In part 1 of this thesis, we discuss the characterization of a novel class of proteins belonging to the domain of unknown function (DUF) 3365 family. Bioinformatic analyses revealed that a subset of this family that contains heme c as a cofactor could be classified into two clusters based on properties predicted from genomic analysis. Proteins belonging to cluster 1 were predicted to have non-signal transduction or redox functions, whereas those belonging to cluster 2 were predicted to perform signal transduction. To better understand the properties and behaviors that may distinguish the two clusters, we selected one protein from each cluster (P. putida protein from cluster 1, and P. azotoformans receptor from cluster 2) and extensively characterized them in terms of their structures, reactivities, and responses to diatomic gas molecules. We discovered that the two proteins show striking differences in their response to O₂ and NO, and concluded that the P. putida protein perhaps behaves as a redox sensor within the cell. The P. azotoformans receptor showed similar spectroscopic and kinetic properties to NO sensors, which is unusual for a periplasmic protein and may have implications in terms of mediating a faster response to the environment. We further investigated this receptor as it has a unique architecture containing an isolated cytoplasmic HAMP domain, but no additional signaling domain normally associated with HAMP domains. We discovered that the receptor interacts with nanomolar affinity to its cognate Ser/Thr kinase through biochemical methods and cryo electron microscopy. We have also shown that NO binding to the receptor influences kinase activity. This work forms the basis for subsequent in vitro and bacterial studies on the role that this subset of DUF 3365 proteins plays in terms of NO binding and signal transmission.
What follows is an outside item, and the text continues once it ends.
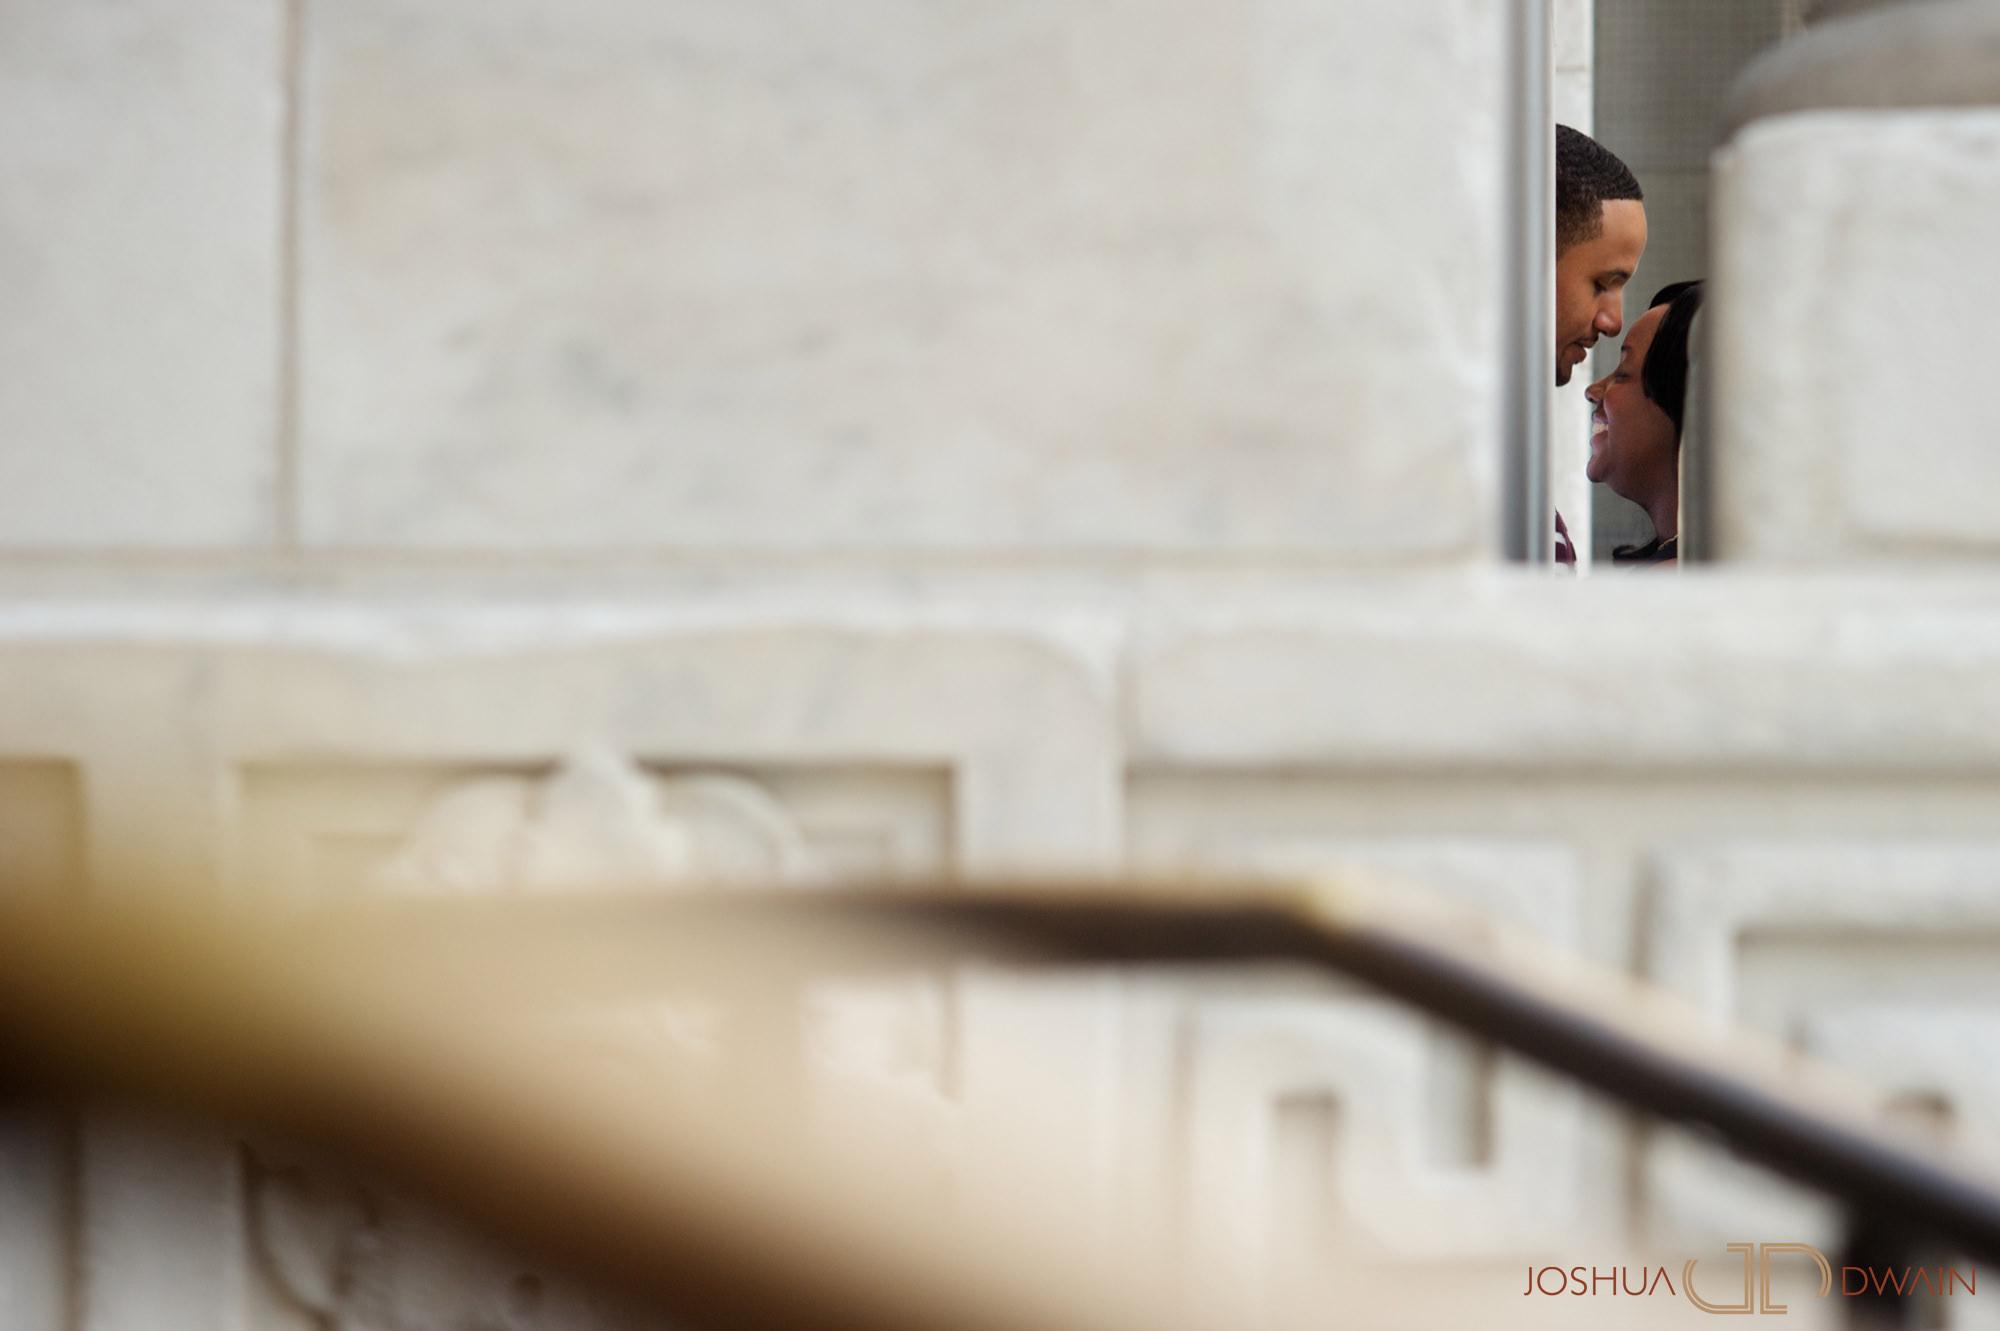 shakinah-darmel-004-new-york-library-engagement-photographer-joshua-dwain-2012-09-06_sd_028

In part 2, we present the development of an ELISA-based high-throughput screen to identify inhibitors of lysinoalanine (Lal) crosslinking in the hook protein FlgE of spirochetes. Spirochetes are defined by their unique morphology and rotational motility that is mediated by axial periplasmic flagella (PFs) that allow them to invade and colonize host tissues efficiently. Motility is essential for the virulence of several spirochete pathogens. Recently, we have shown that FlgE from the oral pathogen Treponema denticola catalyzes a unique inter-subunit post-translational protein cross-linkage in the form of lysinoalanine (Lal). Lal crosslinking within spirochete hooks is essential for spirochete motility and therefore pathogenesis. Interestingly, prevention of Lal crosslinking through mutation or inhibition with small molecules impairs motility in spirochetes. Lal formation thus represents a potential target for novel drug discovery to treat spirochaete-related diseases.

We have screened a small library ~800 compounds using the ELISA. The ELISA reconfirmed that hexachlorophene, a compound that was identified previously using a luciferase-based screen in our lab, is a potent inhibitor of Lal crosslinking. We have also identified two new compounds, honokiol and zafirlukast as potential inhibitors. The assay also detected several activator molecules, which surprisingly belong to some well-known commonly used families of antibiotics. Finally, our work demonstrates the utility of an ELISA-based sandwich assay for high-throughput monitoring of protein-protein interactions.